Would you let a stranger borrow your car or your favorite pair of shoes? Probably not. What about your best friend?
You’re arguably more likely to hand over your keys or your ritziest kicks to your BFF, of course. But once upon a time, the person that you adore most was also a stranger—and the road from random acquaintance to closest pal can be a long journey. Friendships always take time, as each of you slowly builds trust for one another. After all, you don’t want to lend someone your ride who wouldn’t do the same for you.
“If the other person doesn’t cooperate with you, you’re even worse off for trying to start that relationship,” says Gerald Carter, a professor of behavioral ecology at Ohio State.
This idea of slowly investing your time, energy, and supplies into a trusting friendship isn’t new. In fact, scientists coined a theory for it, called “raising the stakes.” And people aren’t the only living creatures that amass a network of complex social relationships. But it turns out the spookiest members of the animal kingdom—our dearest cave-dwelling bat friends—also slowly test the waters when it comes to getting to know a new buddy.
A new study in Current Biology authored by Carter found that wee vampire bats also “raise the stakes” when cooperating with their fellow cave mates. Early on in their friendships, these tiny mammals test the waters by grooming each other. If that works out, they move on to the species’ most coveted kinship act: sharing blood meals.
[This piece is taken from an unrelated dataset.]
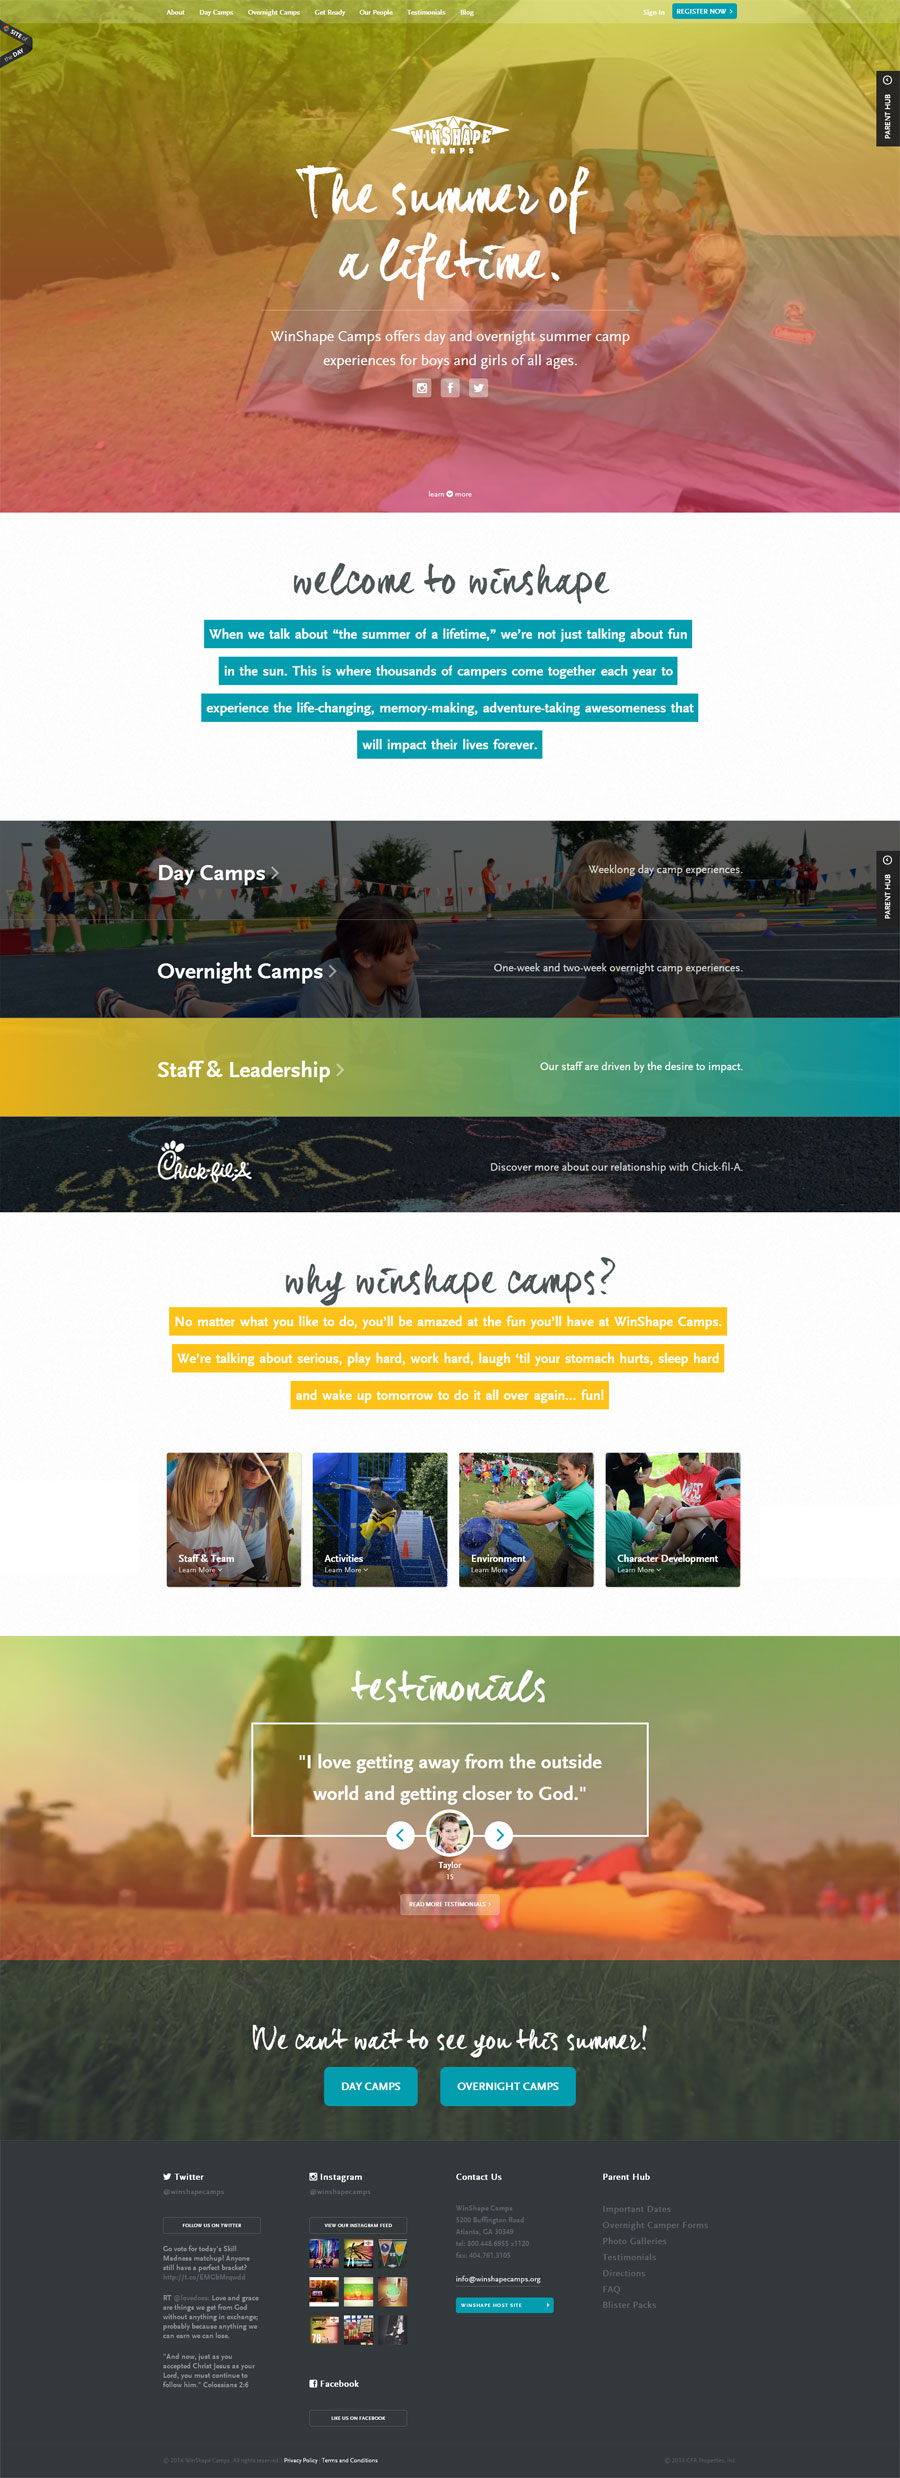 WinShape Camps - Inspiración web design

Bats might not be the first creature that comes to mind when you think of friendly critters, but these relationships are essential. Each bat needs about two tablespoons of blood to eat each night, and going a few nights without that meal could be fatal, says Brock Fenton, a bat biologist at Western University in Ontario, Canada who was not involved in the study. Being a good sharer, and a good friend is quite literally life or death.
Carter and his colleagues followed pairs and groups of previously unfamiliar female vampire bats over 15 months to record how they interacted. What they saw was a progression of friendship “investments” in the form of grooming, with the grand prize being blood sharing, which only ended up in 10 to 15 percent of the pairings.
This kind of study—following how a close friendship develops over time—has yet to be done in such a way in people, primates, or other animals that are known to have very complicated social structures.
“We understand the consequences of having close relationships,” Carter says, but “we know less about the process of building those, and how much is under the control of an individual.”
It’s tough to capture the moment when strangers become friends, animals, or humans. You have to be there at the exact right moment in the wild, which can take years of observation. But viewing friendly relationships in captivity is tricky too. You never can be completely sure what you’re watching isn’t an acquired skill you trained a critter to do.
That’s why vampire bats make the perfect subject for this kind of study, Carter says. You can recreate their natural home, a lot of times, a dark tree trunk the size of a closet, quite easily in a lab setting, and you don’t have to train them to do anything.
The wildest part—these creatures who shared their bloody snacks still remained friends when they were released into the wild, Carter says. With the help of tracking devices, the researchers could see the “bat besties” meeting up again outside of captivity, even if the wild population had a much larger group of potential buddies to choose from. These collaborative relationships weren’t just for survival in captivity, he says, but are really lasting friendships.
Fenton says that this kind of research puts bats in a new perspective as incredibly cognizant creatures, alongside primates, whales, elephants, and humans.
“They know what they are doing. They know each other,” he says. “Those are all things that used to be our domain.”
So while bats might give you mental images of Halloween or spooky caves, in reality, they are critters who, just like us, carefully curate their ride-or-die squads.